大藤さんが書いた伝記に基づいて前回佐藤サロンで発表をしました。今回も大藤さんの伝記におんぶにだっこでした。

今回は、単に実践の人ということだけでなく二宮尊徳の考え方が持っている現実主義的側面と革命性について語りました。

二宮尊徳は確かに道徳的に優れた人物です。しかし生き方を民衆に指導する道徳家では全くありません。

農村再生の実践家です。実践するためには現実を踏まえて合理的に対応する側面がなければなりません。

元でとなる資金の大切さを熟知してました。コメ相場にも手を出して元手となる資金作りを行いました。

そしてその資金を農村再生に投じて土台となる資金作りを行う覚悟のひとでした。現代風にいえば社会企業家といえるでしょう。

二宮尊徳の思想は、農村再生と格闘する実践の中から生み出されたものです。先に理論ありきではありません。

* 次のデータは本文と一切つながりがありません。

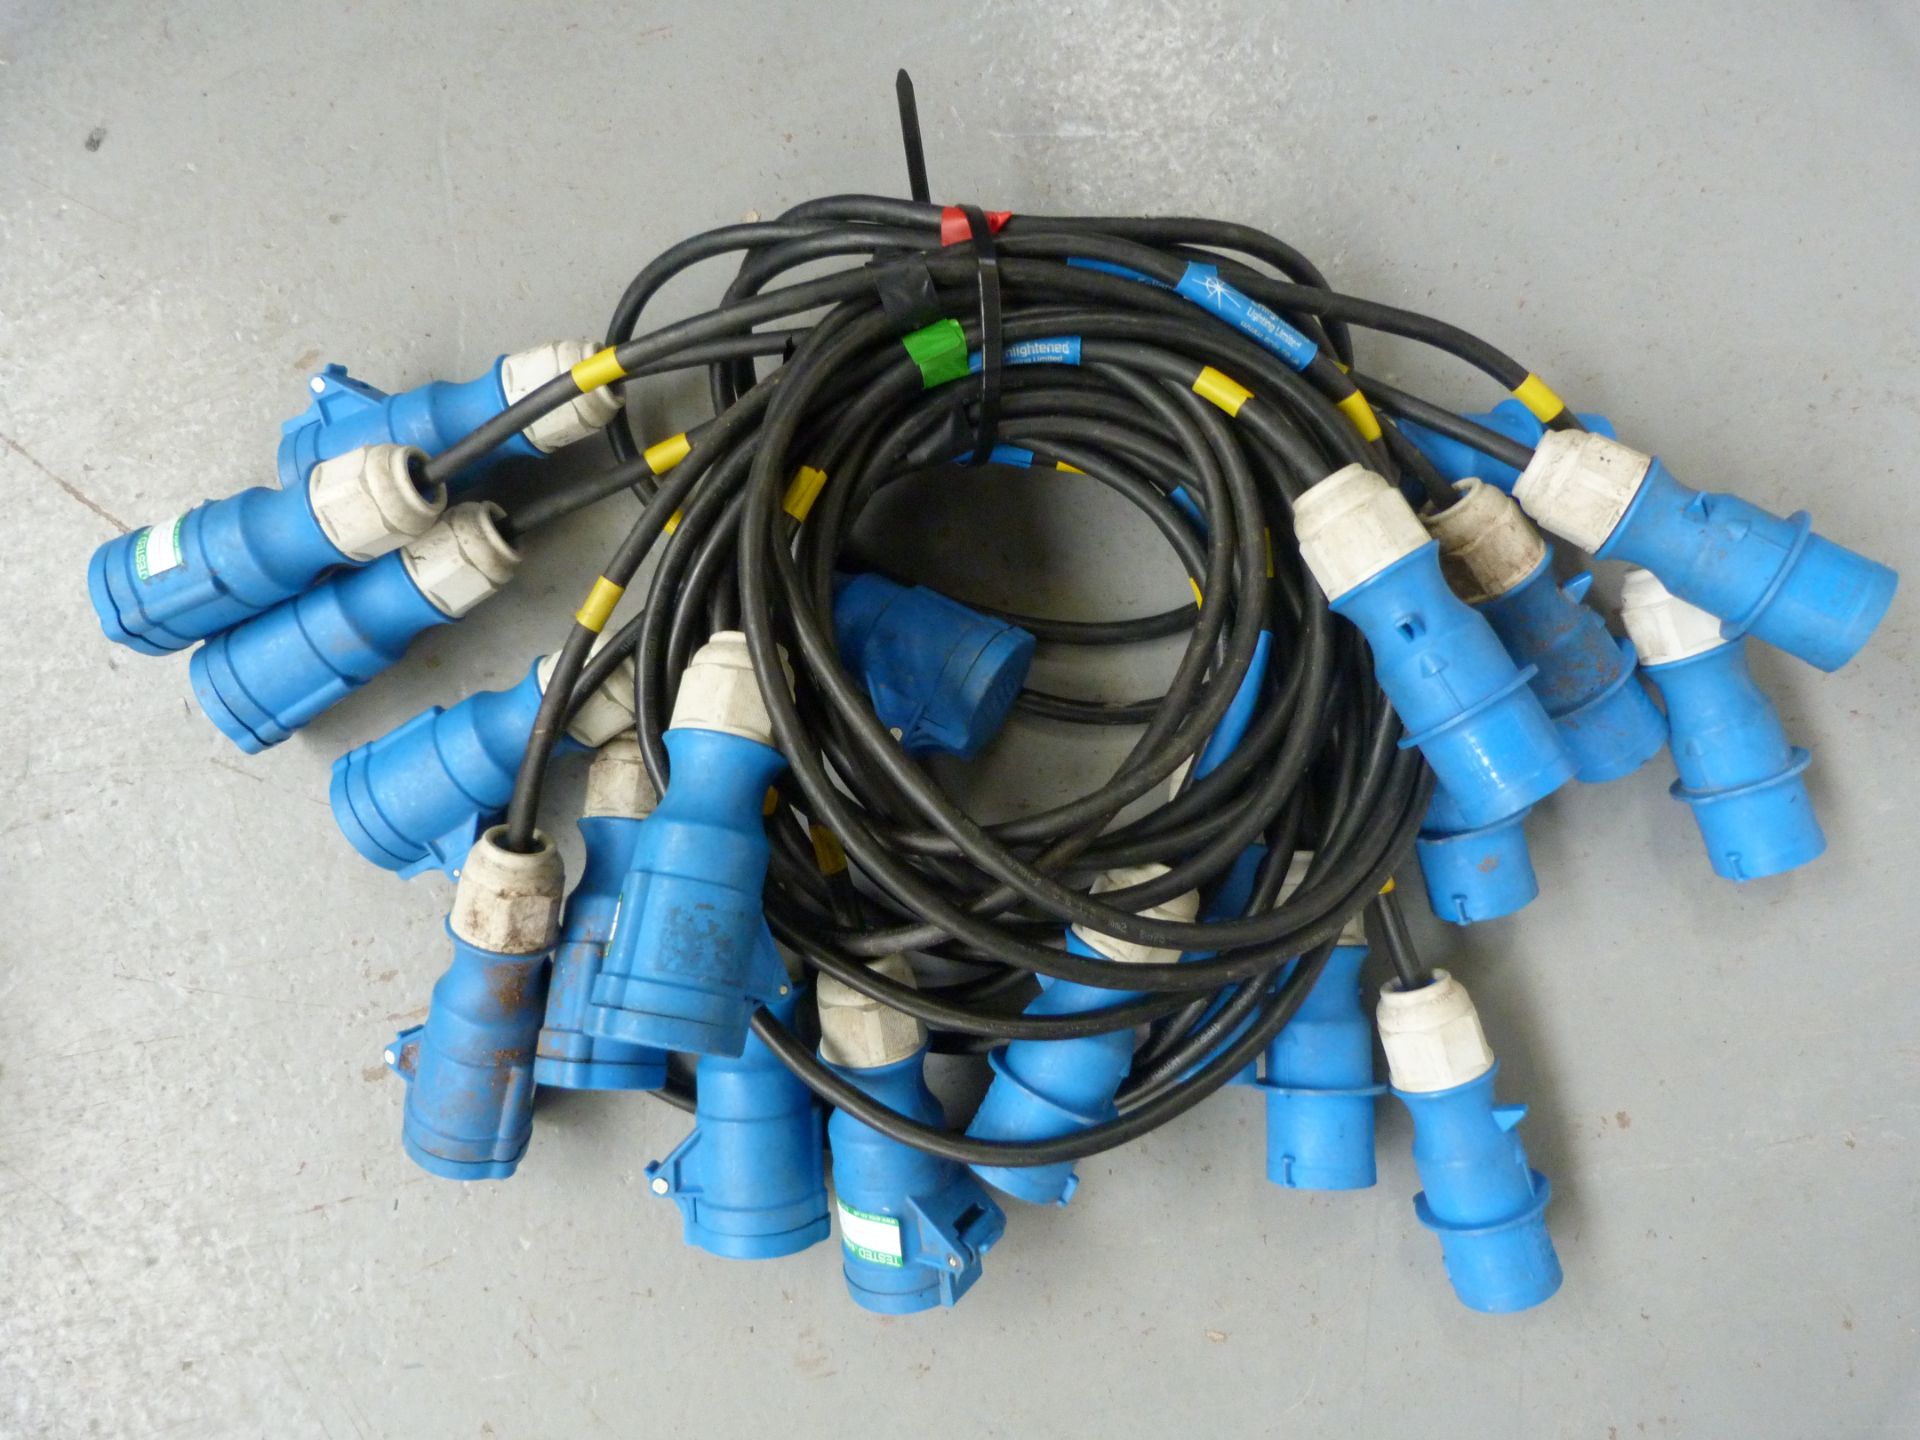 10x 2m 16A Cable HO7 - 1.5mm Blue Connectors. Ex-hire/Fair Condition. Photo Representative - Image 3 of 3
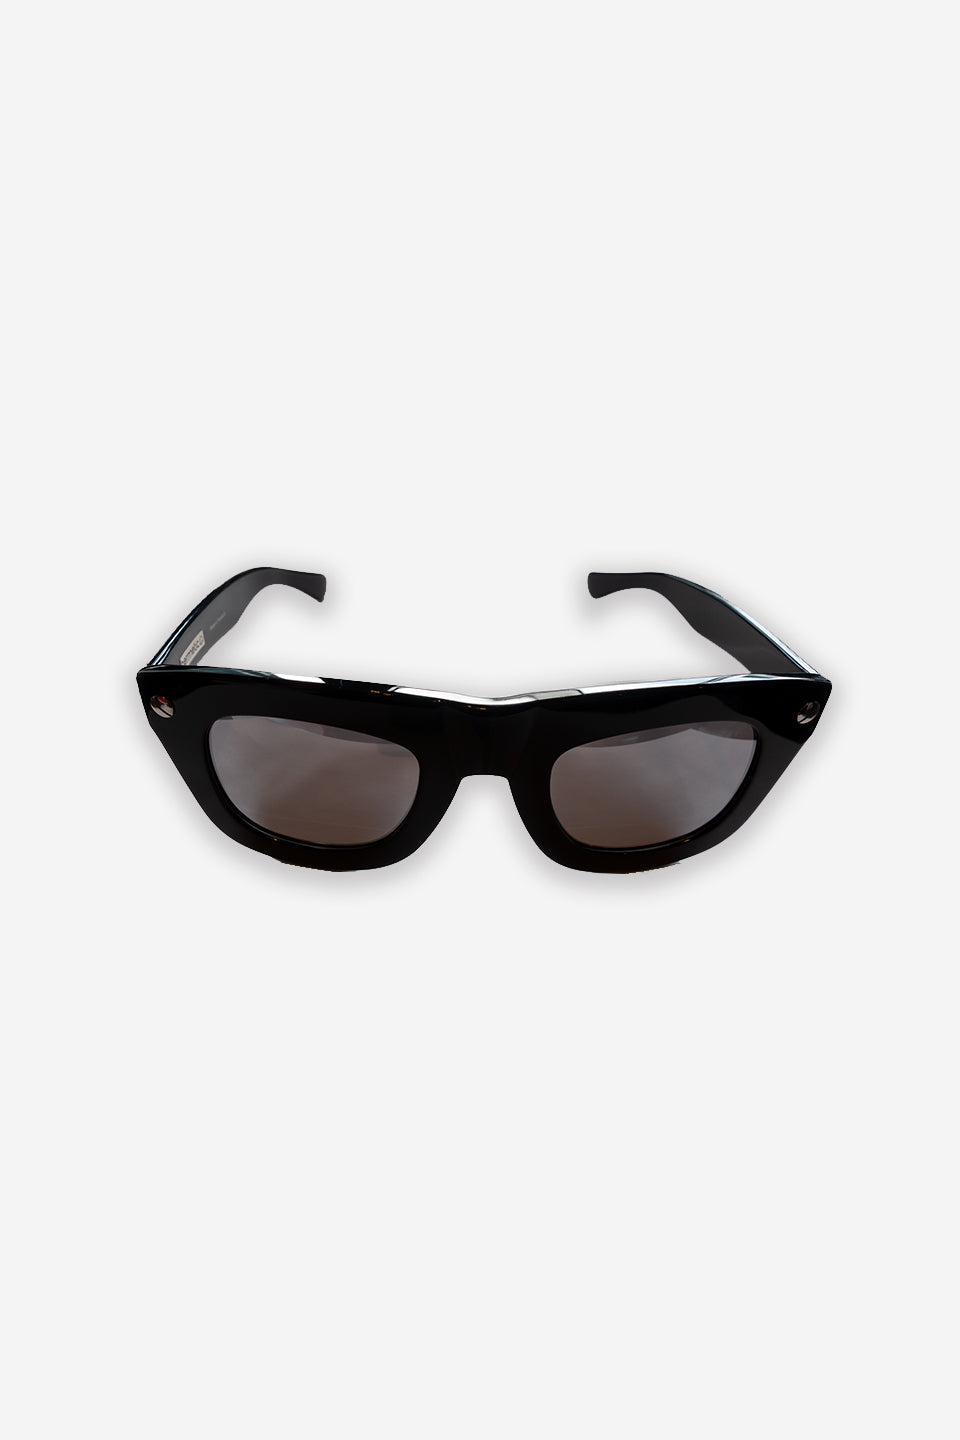 Silver Rhinestone Sunglasses (Clear Lens)

典型的なのが「分度」と「推譲」です。農村再生事業を進めるにあたり長期計画を立て資金活用に枠をはめました。「分度」です。

そこをルーズにすると放漫な資金運用に陥る危険性があるからです。限度を設定することで余剰が生まれます。

その余剰を再投資することによりさらに事業は発展する可能性が出ます。こちらが「推譲」です。

地域を支配する領主階層に強く求めたというところに革命性があります。現代で言えば権力者や富裕層に厳しい姿勢を求めました。

二宮尊徳は道徳的に優れた人物で幼少のころからコツコツと努力することをいとわなかったという人物像は一面的です。

農村を再生させ農民の暮らしを豊かにする社会変革を求め、実践し続けた生きざまこそ二宮尊徳を現代において学ぶ大いなる意義です。